Finally, there is no Constitutional right to contact visitation; therefore, restricting an inmate to non-contact visitation states no claim upon which relief can be granted in a section 1983 action. See Thorne v. Jones, 765 F.2d 1270, 1273 (5th Cir. 1985) (quotation and citations omitted) (finding prisoners do not retain any absolute rights of physical association, rather, that "visitation privileges are a matter subject to the discretion of prison officials."). Inmates have no independent constitutional right to visitation or to particular forms of visitation, see Kentucky Dep't of Corrections v. Thompson, 490 U.S. 454, 460 (1989); Smith v. Shettle, 946 F.2d 1250 (7th Cir. 1991), and prison officials have considerable discretion in determining the time, place, duration, and conditions of visitation. Berry v. Brady, 192 F.3d 504, 508 (5th Cir. 1999); Peterson v.

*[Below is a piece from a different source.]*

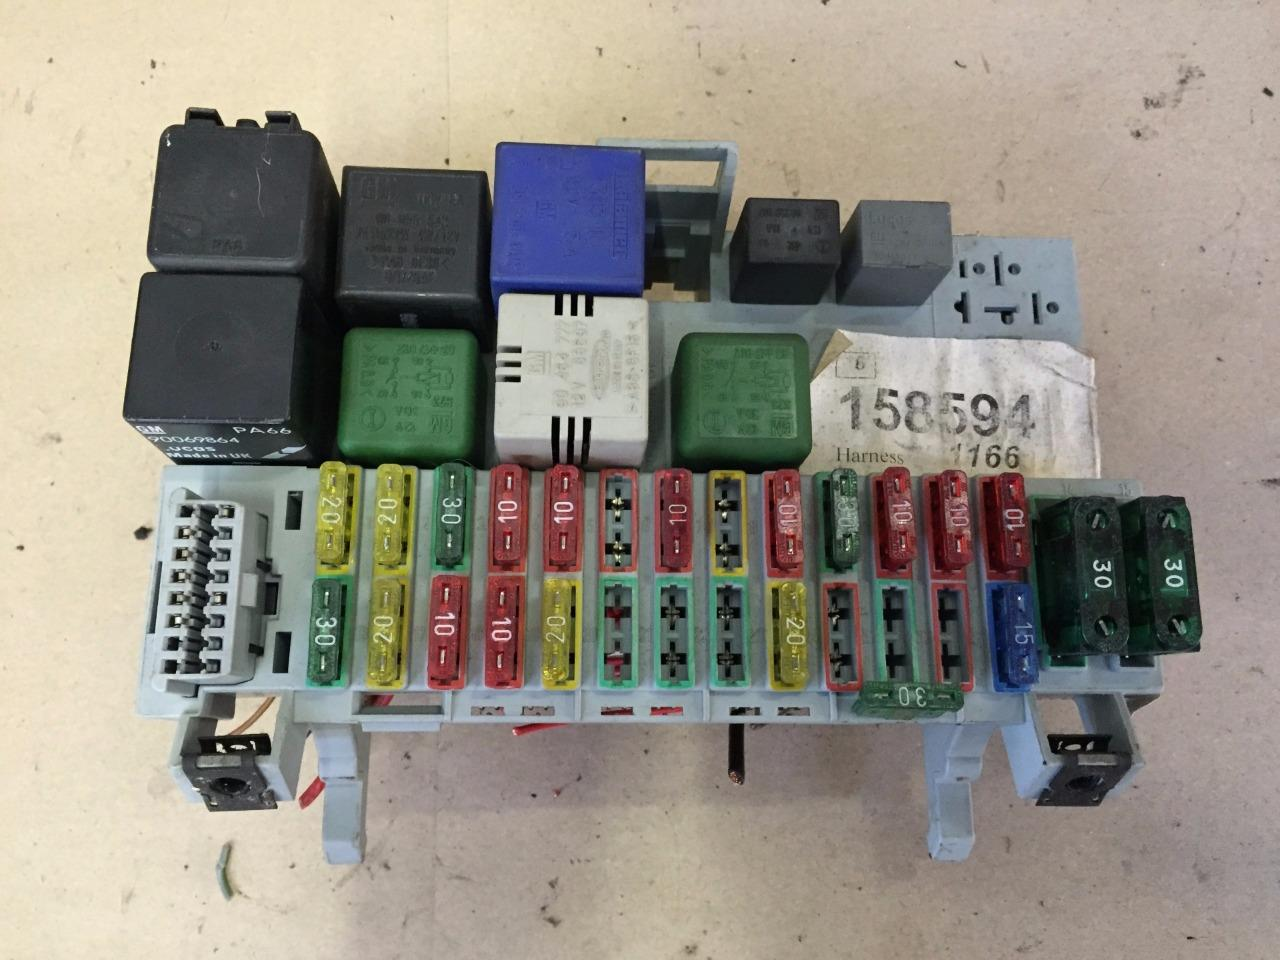 vauxhall astra fuse box mk4 wz 0696  astra sri fuse box  wz 0696  astra sri fuse box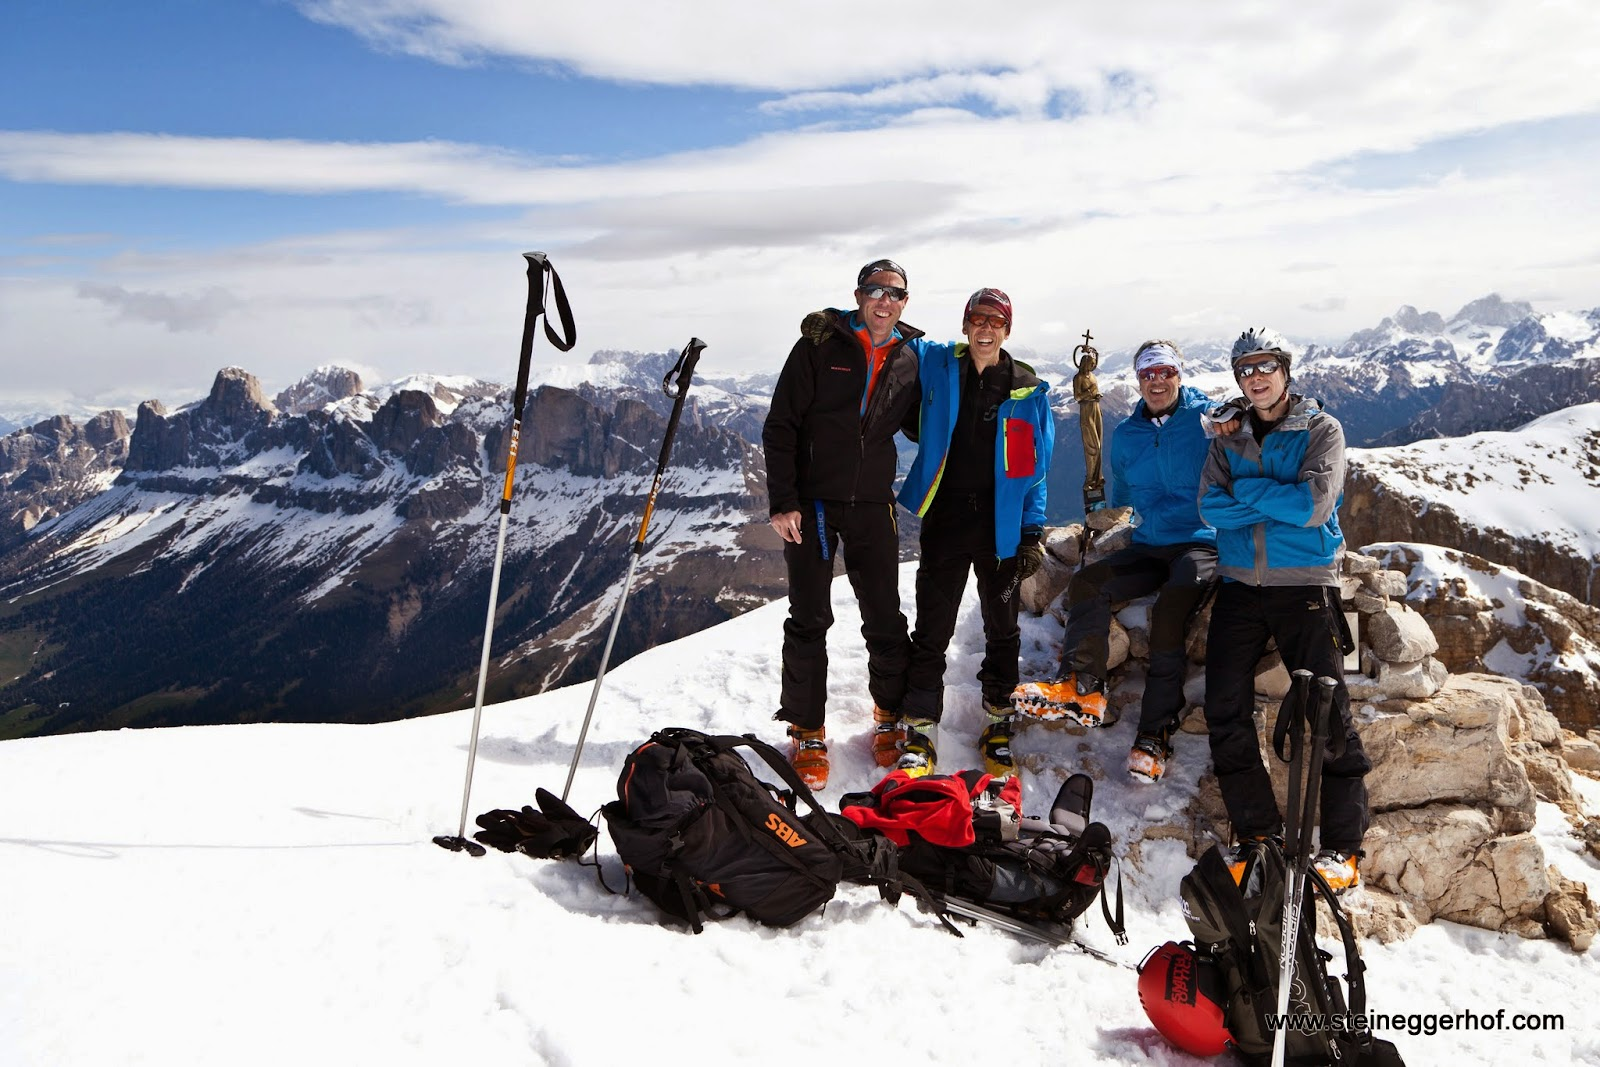 http://www.steineggerhof.com/de/hotelinformationen/fotogalerie/skitour-latemar-17-05-14-id-6014467630039636097.html

Shanks, 149 F.3d 1140, 1145 (10th Cir. 1998). The restriction Levenhagen placed on Crawford's visitation falls within the discretion the Constitution affords to prison officials, the restriction does not work an atypical and significant hardship on him in relation to the ordinary incidents of prison life, and it is "within the expected perimeters of the sentence imposed by a court of law." Sandin, 515 U.S. at 485.

CONCLUSION

For the foregoing reasons, pursuant to 28 U.S.C. section 1915A(b)(1), the court DISMISSES this complaint WITH PREJUDICE.


Summaries of

Crawford v. Levenhagen

United States District Court, N.D. Indiana, South Bend Division
Sep 9, 2009
Cause No. 3:09-CV-0327 (N.D. Ind. Sep. 9, 2009)
Case details for

Crawford v. Levenhagen

Case Details

Full title:DOUGLAS CRAWFORD, Plaintiff, v. MARK LEVENHAGEN, Superintendent of the…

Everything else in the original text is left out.